Logo Questions Linux Laravel Mysql Ubuntu Git Menu
 

Open a .webarchive Modify It and Save It

I'm developing an app for Lion and what I want to do is open a .webarchive file, modify a snippet of the DOM, and then write out the modified DOM to the same file.

Here is my code thus far. It opens the webarchive, modifies it, and then saves it back to the file.

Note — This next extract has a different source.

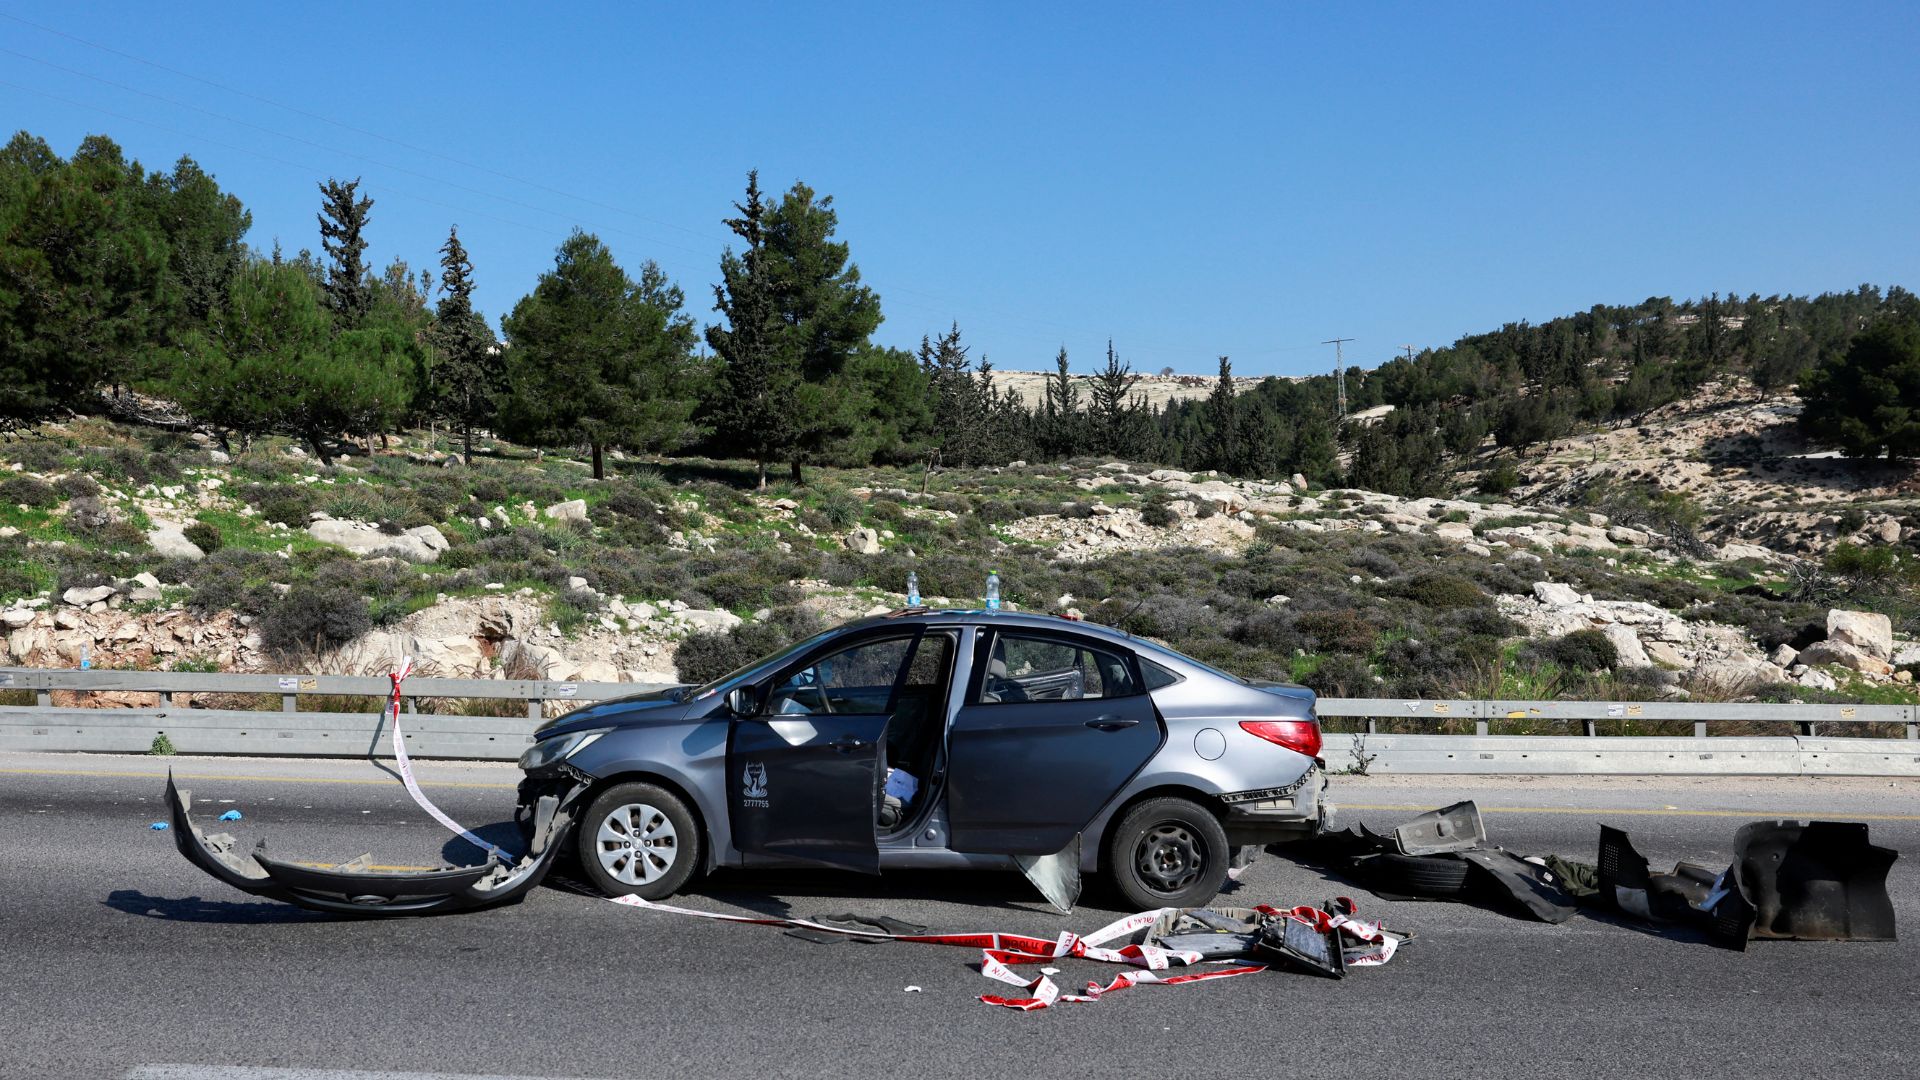 A damaged car is seen at the scene of a shooting attack by Palestinian gunmen near the Maale Adumim settlement, in the Israeli-occupied West Bank. /Ammar Awad/Reuters

    NSString *archivePath = @"/Users/tigger/Library/Mail/V2/MailData/Signatures/1216DD8D-C7E2-4DE1-9FCD-0A9A3412C788.webarchive";
    NSData *plistData = [NSData dataWithContentsOfFile:archivePath];
    NSString *error;
    NSPropertyListFormat format;
    NSMutableDictionary *plist;

    plist = (NSMutableDictionary *)[NSPropertyListSerialization propertyListFromData:plistData
                                             mutabilityOption:NSPropertyListMutableContainersAndLeaves
                                                       format:&format
                                             errorDescription:&error];
    if(!plist){
        printf("no plist");
        [error release];
    }else{
        NSString *s = [NSString stringWithUTF8String:[[[plist objectForKey:@"WebMainResource"] objectForKey:@"WebResourceData"] bytes]];
        NSString *new = [s stringByReplacingOccurrencesOfString:@"</body>" withString:@"hey there!</body>"];

        [[plist objectForKey:@"WebMainResource"] setObject:new forKey:@"WebResourceData"];
        printf("Archive: %s", [[plist description] UTF8String]);       
        NSData *data = [NSPropertyListSerialization dataFromPropertyList:plist format:NSPropertyListBinaryFormat_v1_0 errorDescription:nil];
        [data writeToURL:[NSURL fileURLWithPath:@"/Users/tigger/Library/Mail/V2/MailData/Signatures/test.webarchive"] atomically:YES];

    }

The problem is that the resulting webarchive is invalid. The original looks like this:

bplist00—_WebMainResource’  
_WebResourceTextEncodingName_WebResourceFrameName^WebResourceURL_WebResourceData_WebResourceMIMETypeUUTF-8PUdata:O<span class="Apple-style-span" style="border-collapse: separate; color: rgb(0, 0, 0); font-family: Helvetica; font-style: normal; font-variant: normal; font-weight: normal; letter-spacing: normal; line-height: normal; orphans: 2; text-align: -webkit-auto; text-indent: 0px; text-transform: none; white-space: normal; widows: 2; word-spacing: 0px; -webkit-border-horizontal-spacing: 0px; -webkit-border-vertical-spacing: 0px; -webkit-text-decorations-in-effect: none; -webkit-text-size-adjust: auto; -webkit-text-stroke-width: 0px; font-size: medium; "><body style="word-wrap: break-word; -webkit-nbsp-mode: space; -webkit-line-break: after-white-space; "><div>Dan Shipper</div><div>[email protected]</div><div><br></div></body></span><br class="Apple-interchange-newline">Ytext/html(F]l~îöõ°™
¥

While the resulting webarchive looks like this:

bplist00—_WebMainResource’  
^WebResourceURL_WebResourceFrameName_WebResourceMIMEType_WebResourceData_WebResourceTextEncodingNameUdata:PYtext/html_<span class="Apple-style-span" style="border-collapse: separate; color: rgb(0, 0, 0); font-family: Helvetica; font-style: normal; font-variant: normal; font-weight: normal; letter-spacing: normal; line-height: normal; orphans: 2; text-align: -webkit-auto; text-indent: 0px; text-transform: none; white-space: normal; widows: 2; word-spacing: 0px; -webkit-border-horizontal-spacing: 0px; -webkit-border-vertical-spacing: 0px; -webkit-text-decorations-in-effect: none; -webkit-text-size-adjust: auto; -webkit-text-stroke-width: 0px; font-size: medium; "><body style="word-wrap: break-word; -webkit-nbsp-mode: space; -webkit-line-break: after-white-space; "><div>Dan Shipper</div><div>[email protected]</div><div><br></div>hey there!</body></span><br class="Apple-interchange-newline">UUTF-8(7Ndvîöõ•∏
æ

Anyone have any ideas on why it's invalid or how to fix it? Thanks so much for your help!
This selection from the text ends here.